The black bread panzanella salad. Photo / Getty Images
Address: 23 Ponsonby Rd, Ponsonby Phone: (09) 217 2871 We spent: $174 for two Rating: 14 — Good
Before you look at the menu, before you order a drink, before you even leave your house, I have one piece of advice: Go to the loo.
Go twice.
Teddy's is the new restaurant in the old MooChowChow space. They've shifted the bar, strung up some plants and redecorated with pale slatted timber panelling but the Everest-like ascent to the bathroom remains.
The stairwell is narrow, the pitch is treacherous and it ends in a discombobulating full-length mirror. Assuming you haven't accidentally smacked into said mirror, you should swerve hard left, then hard right, then haul yourself over a lintel and into a space so small that one of the stalls can't be accessed if someone is washing their hands.
My friend was wearing black suede stiletto-heeled ankle boots. She negotiated that stairwell like she'd won an Oscar and her descent was a triumph of physics and poise. But later, when she needed to go again, she said: "Can we just go home?"
One thing that has changed for the better is the seating. Proper chairs and proper bookable tables mean you can linger over a bistro-style menu that doesn't demand you share (but doesn't mind if you do).
Black bread panzanella salad ($16) was the sole vegetarian offering from the "small" section and we ordered with trepidation, because while Megan doesn't eat meat, she doesn't really like black bread. I don't really like panzanella. Fortunately, neither of these things arrived.
Traditionally, panzanella is made from tomato-soaked stale bread that is sometimes supplemented with onions and basil. At Teddy's, tooth-shatteringly crisp charred white bread croutons were mixed with kale, radicchio and ricotta. Quartered tomatoes were appropriately mushy, but in a too-long-in-the-fridge kind of way. Syrupy-sweet vincotto only just saved the entirety.
Word about town is that Teddy's does a great cocktail. We asked for a list, but there was, apparently none. "We can make any of the classics," said our waitperson. The drinks menu did include a limoncello spritz which should, under no circumstances, be feted as the new Aperol. It tasted like a liquid cough lozenge.
The mains menu is a kind of "modern bistro best of". So there's dry-aged sirloin and fries ($32) and venison fillet with beets and red cabbage ($34). The pork belly has been swapped for a short rib and the chicken schnitzel sounded delightful but "confit" gets me every time and so I asked for the confit chicken leg with shallots, porcini veloute and bacon jam ($29).
If Max Gimblett worked with bacon jam and jus, it might look a bit like this, with the food contained in a sticky, swishy wall-worthy circle.
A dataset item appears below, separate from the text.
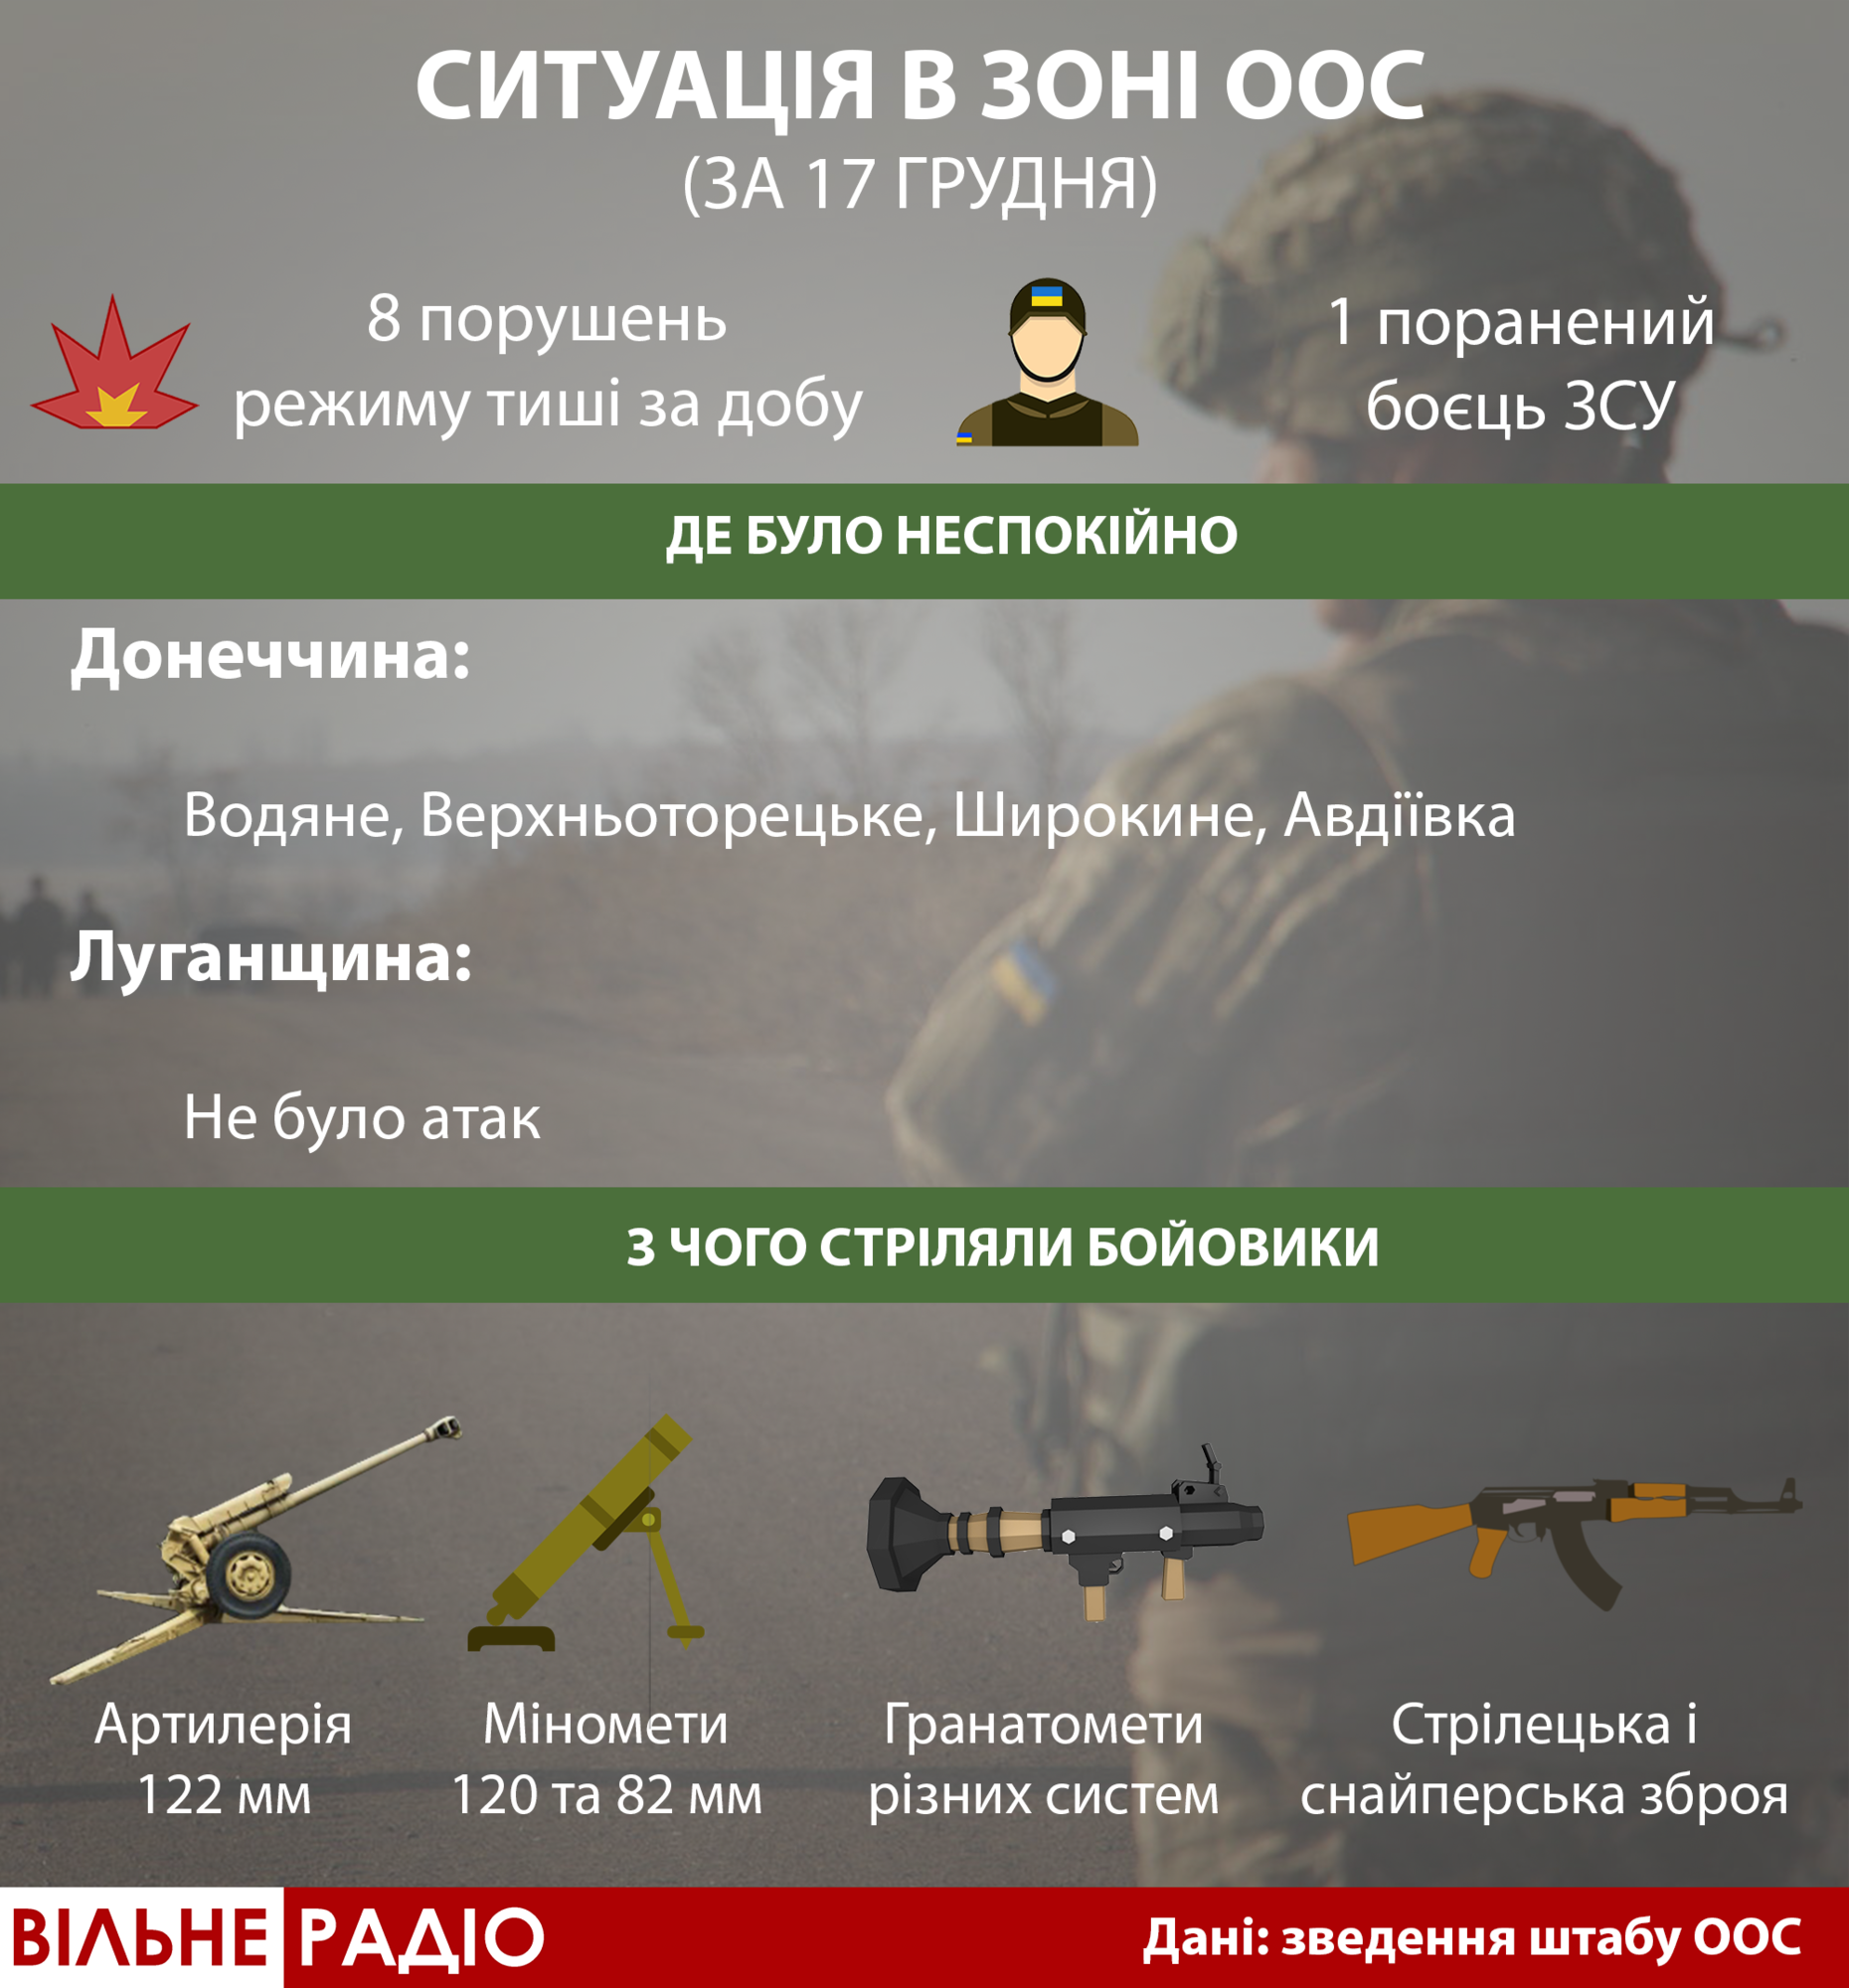 17 грудня бойовики поранили українського військовослужбовця. ЗСУ дали відповідь, — штаб ООС (Інфографіка)
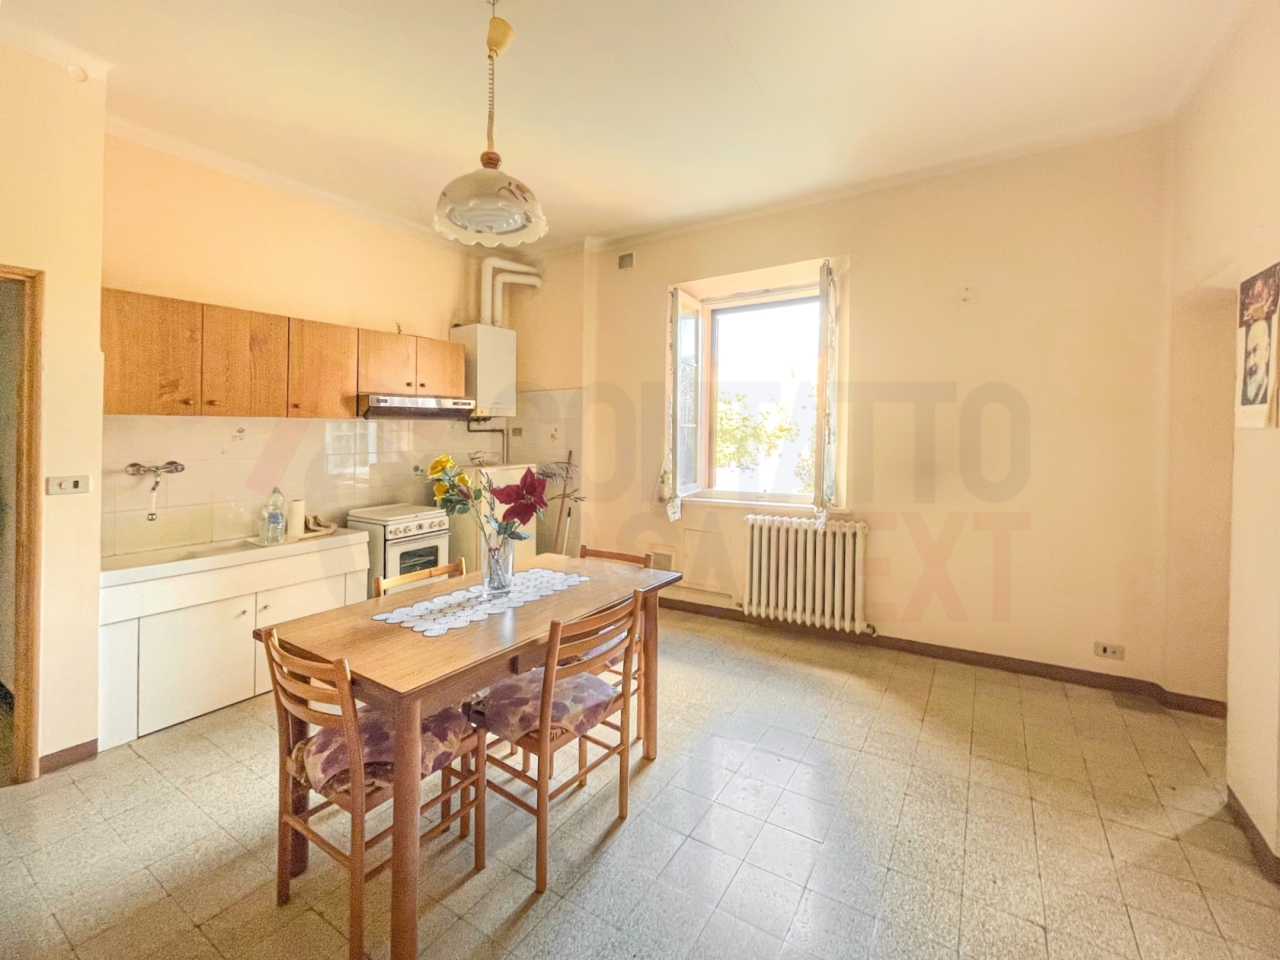 Appartamento in vendita a Jesi, 9999 locali, prezzo € 65.000 | PortaleAgenzieImmobiliari.it

It looked elegant and enticing and while I ate it all, I'm not in a rush to order it again. The chicken (mostly drumstick) was dryish, and the porcini not as obvious as I'd hoped for.
Megan's celeriac gnocchi ($26) was really heavy, but she declared that no bad thing, "It's like that gnocchi you used to get when we first got gnocchi." Filling and flavoursome, it came in a light broth studded with mushrooms and whole chestnuts. I have never met a whole chestnut I didn't love and I had severe food envy.
We'd supplemented our order with a small farmer's market worth of vege. Roasted brussels sprouts with hazelnuts ($10), roasted cauliflower with spiced yoghurt and pine nuts ($12) and chargrilled broccolini with anchovy, goat's cheese and lemon ($10) were interpreted literally. Perhaps too literally. A single artless anchovy curled around a piped blob of cheese like some kind of escaped creature.
The thing with Teddy's is that the food is fine, thanks. The thing with Ponsonby Rd is that it is a dining destination. In this neck of the woods, you can't afford to be bland. By now, I was ordering dessert out of a sense of duty, not desire but the deep-fried apple pie was actually amazing. It tasted (and I mean this in a good way) like the old-school version made famous at McDonald's, only it was flakier and twice the size.
Megan wanted to wash her half down with a cup of English breakfast. Sorry, said the waitperson, we don't have tea. I can only assume they are trying to save their customers an extra trip up that stairway.